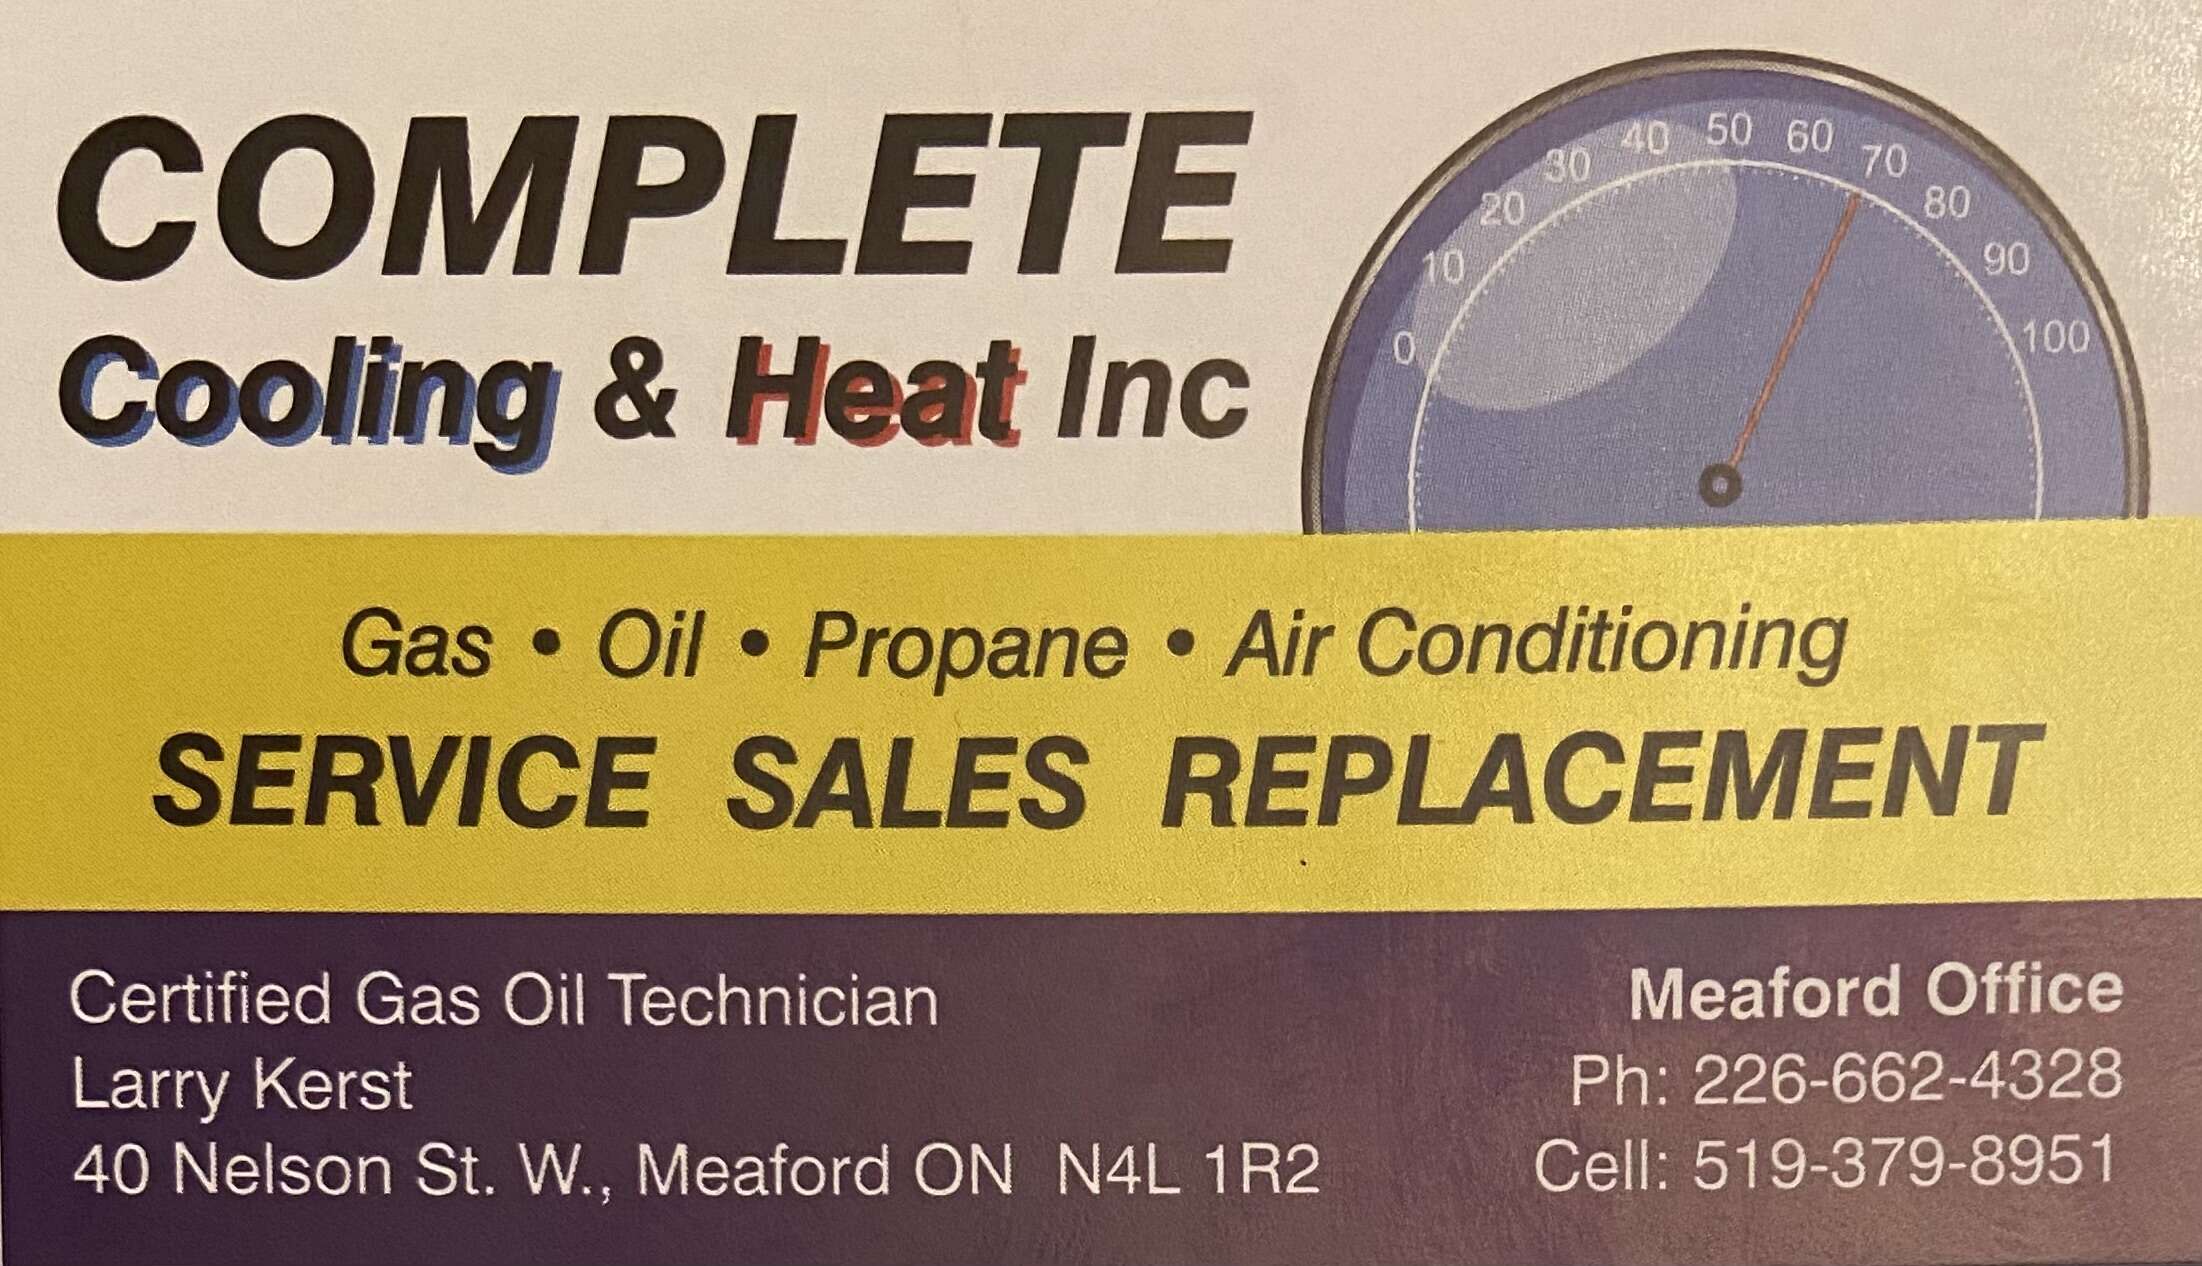 Complete Cooling & Heat Inc
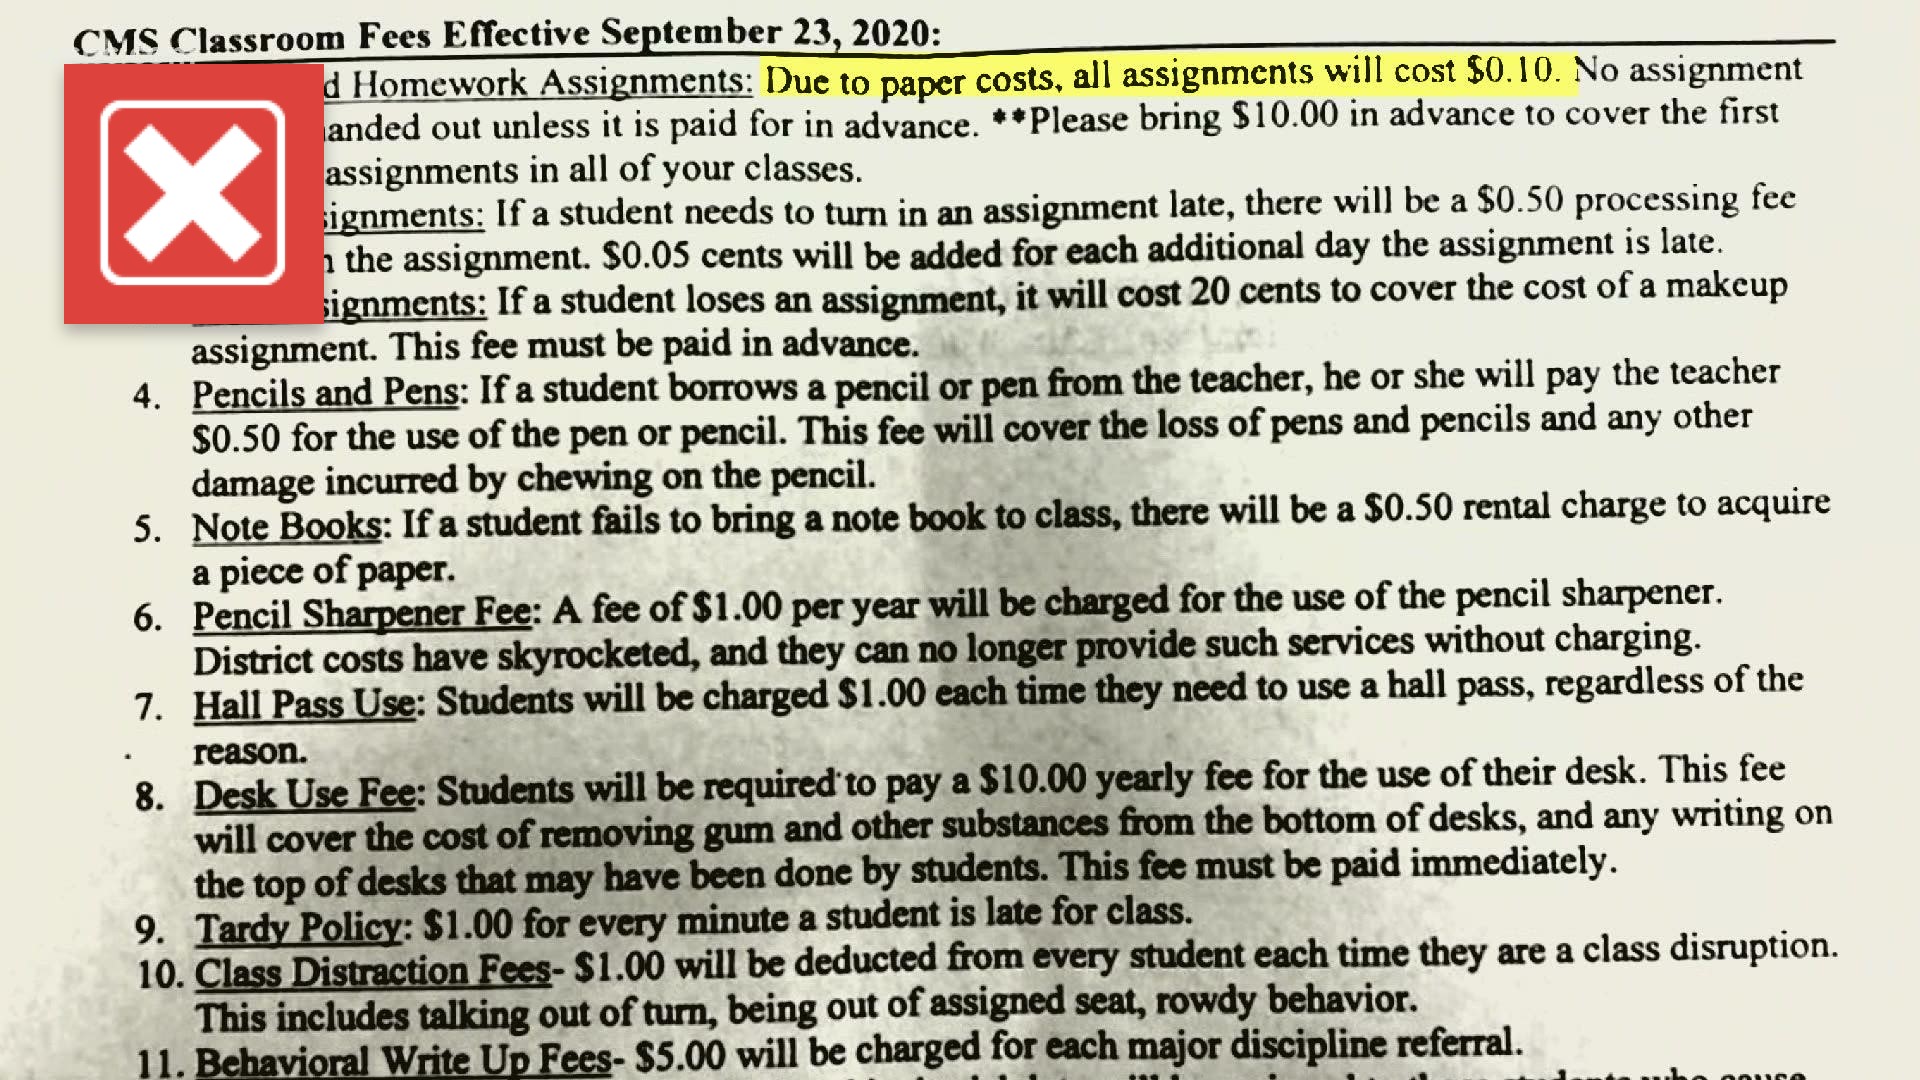 A letter making its way around some Charlotte classrooms claims students will need to pay just to do their given assignments. We verify that letter is not real.
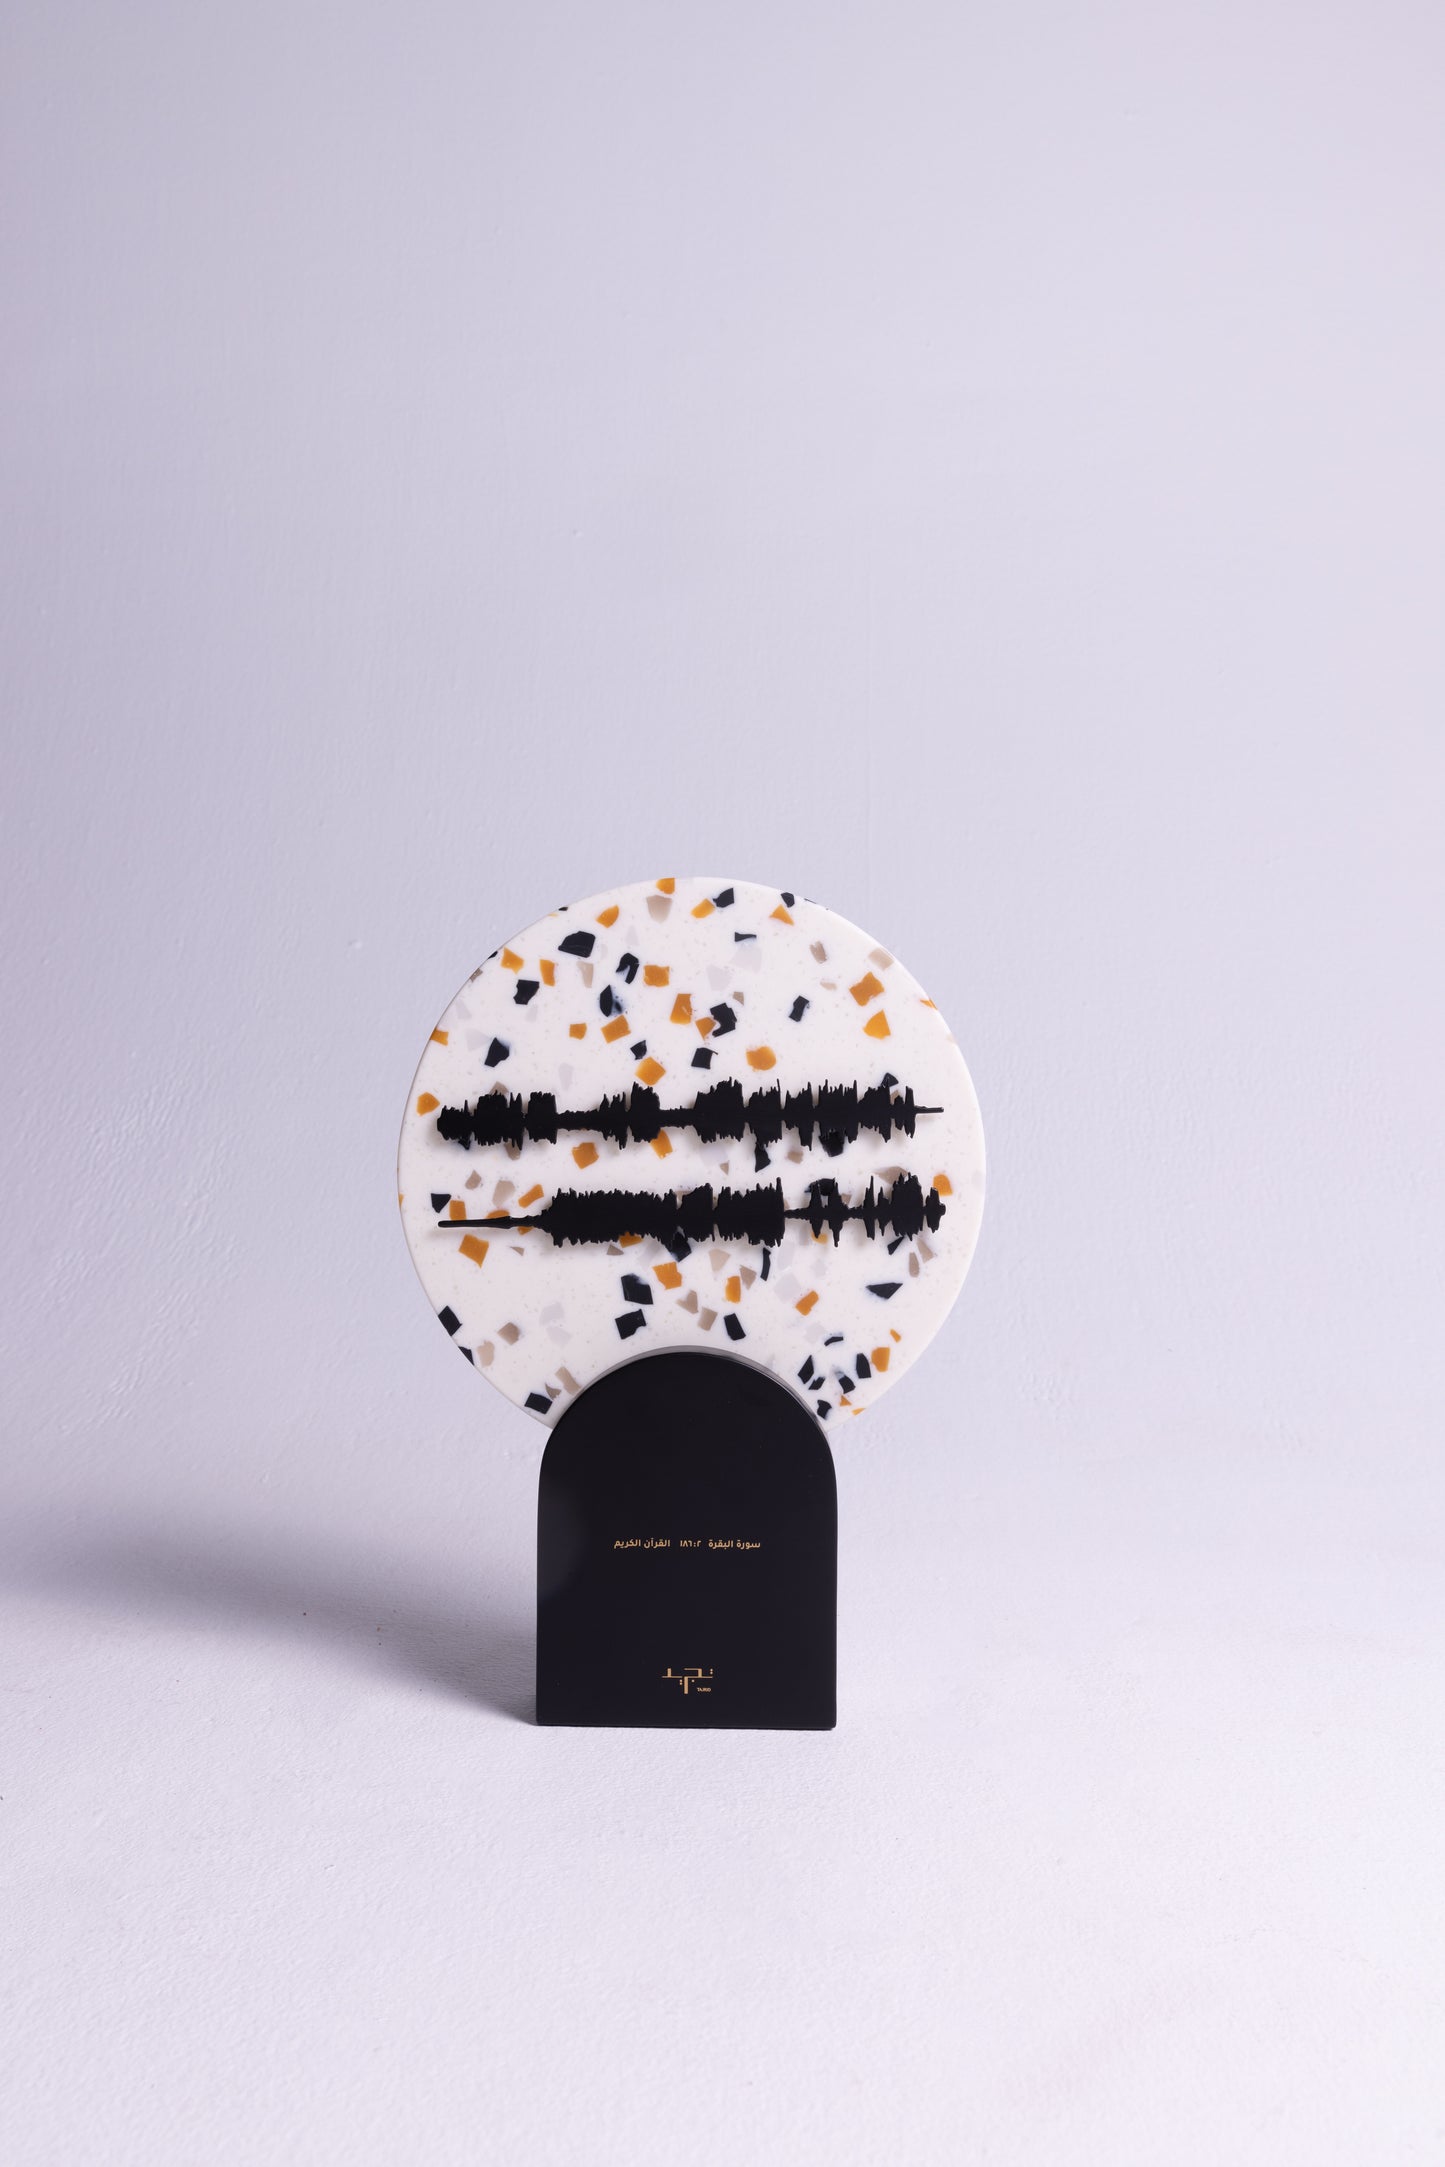 Qura'an abstract Decorative accents as soundwaves

___

What the exercise asks
Without including the pictures, copy all of the data exactly.

Solved exercise
 Complete Cooling & Heat Inc
 A letter making its way around some Charlotte classrooms claims students will need to pay just to do their given assignments. We verify that letter is not real.
 Qura'an abstract Decorative accents as soundwaves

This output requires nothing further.